A Federal Circuit panel recently confirmed that 35 U.S.C. § 314(d) does not permit appeal of a decision by the PTAB that an IPR petitioner is not time-barred under 35 U.S.C. § 315(b). Wi-Fi One, LLC v. Broadcom Corporation, No. 2015-1944 (Fed. Cir. Sep. 16, 2016).

Patent Owner unsuccessfully argued to the PTAB that Petitioner was time-barred from seeking IPR of its patent because Petitioner was in privity with certain entities involved in parallel district court litigation over the patent who were time-barred under Section 315(b). On appeal, Patent Owner recognized that the Federal Circuit (in Achates Reference Publishing, Inc. v. Apple Inc., 803 F.3d 652, 658 (Fed. Cir. 2015)) held that Section 314(d) “prohibits this court from reviewing the Board’s determination to initiate IPR proceedings based on its assessment of the time-bar of § 315(b).”

Patent Owner argued that the Supreme Court’s decision in Cuozzo Speed Technologies, LLC v.

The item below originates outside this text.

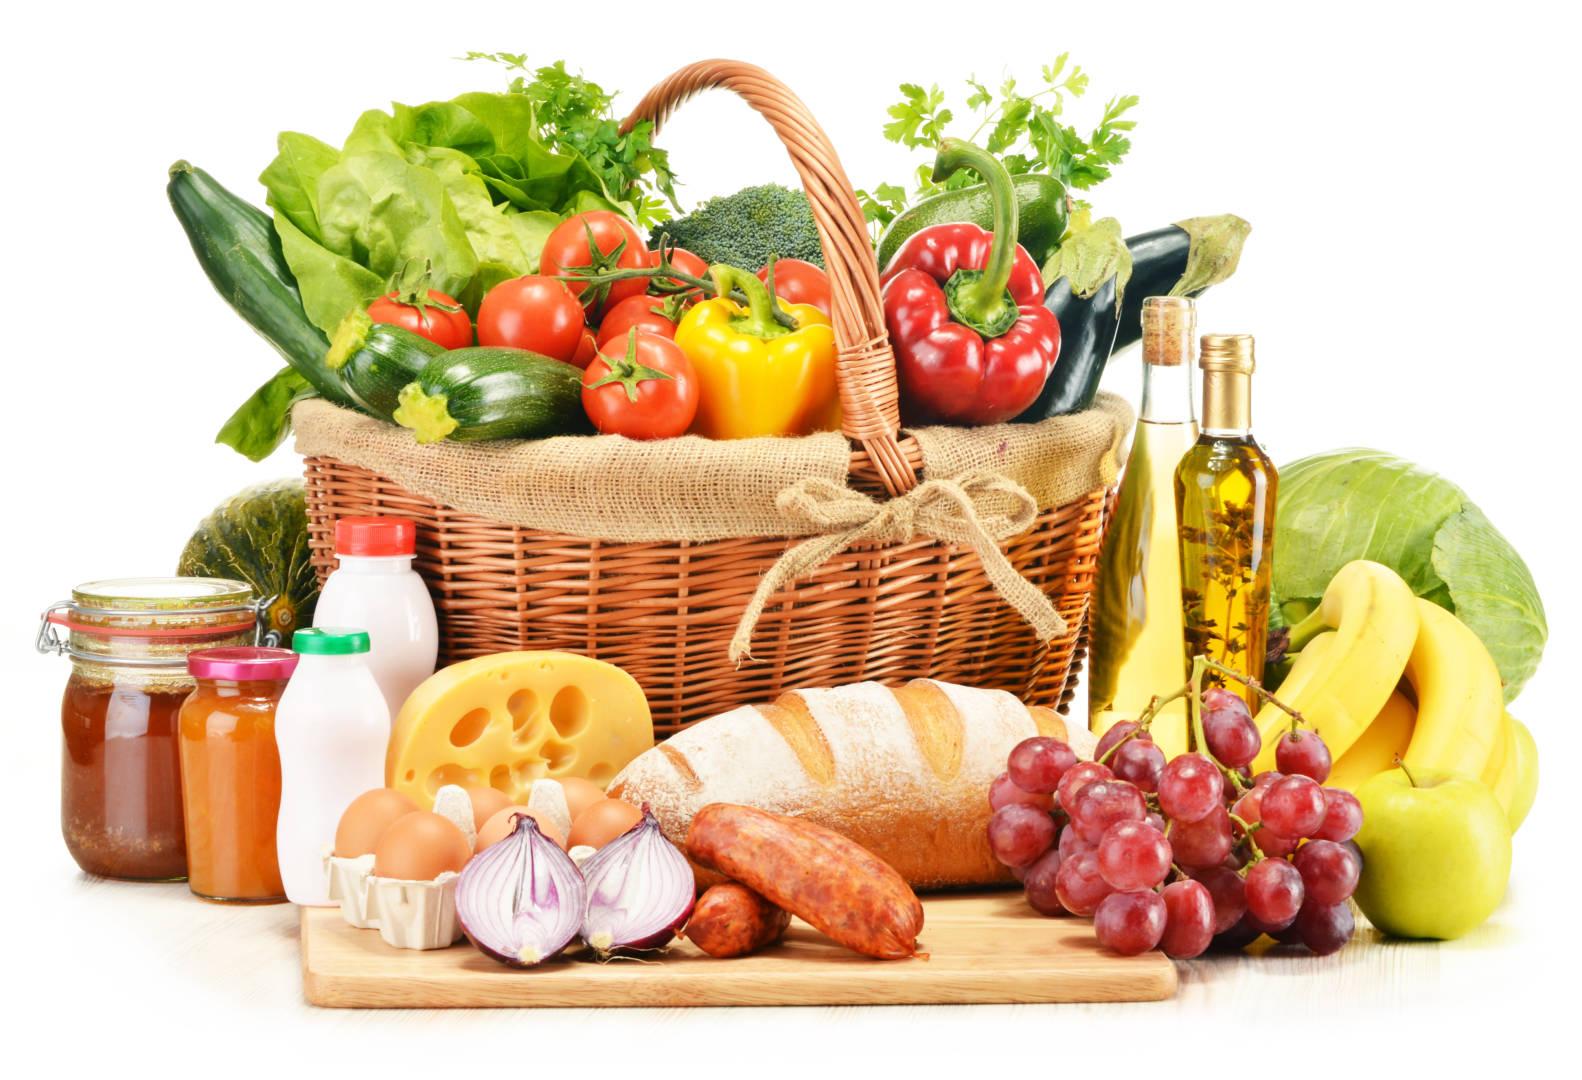 eczéma et aliments anti-inflamamtoires

Lee, 136 S. Ct. 2131 (2016), implicitly overruled Achates. Specifically, Cuozzo “tied the limitation of judicial review to the Patent Office’s ability to make its substantive patentability determination as embodied in § 314(a)” and left open “the precise effect of § 314(d) on appeals . . . that depend on other less closely related statutes,” such as the time-bar of Section 315(b).

The Federal Circuit rejected Patent Owner’s argument, as Cuozzo stated that the prohibition against reviewability applies to “questions that are closely tied to the application and interpretation of statutes related to the Patent Office’s decision to initiate inter partes review,” and that Section 315 “is just such a statute.” In fact, Cuozzo addressed Section 312, which governs what form a petition must take and is not related to substantive patentability.

Patent Owner also argued that time-bar issues should be reviewable because parties may argue those issues at trial. However, the Court noted that Achates also rejected this argument, and was not overruled by Cuozzo.

The Federal Circuit has now made clear that decisions under Section 315(b) are not appealable, and that the reviewability ban under Section 314(d) is not limited to issues arising under section 314. Thus, although it was the Patent Owner that was denied appellate review in Wi-Fi One, it is even more critical in the wake of that decision that parties wishing to file an IPR address potential privity issues as early as possible and account for any potential time-bar issues in deciding when to file their IPR.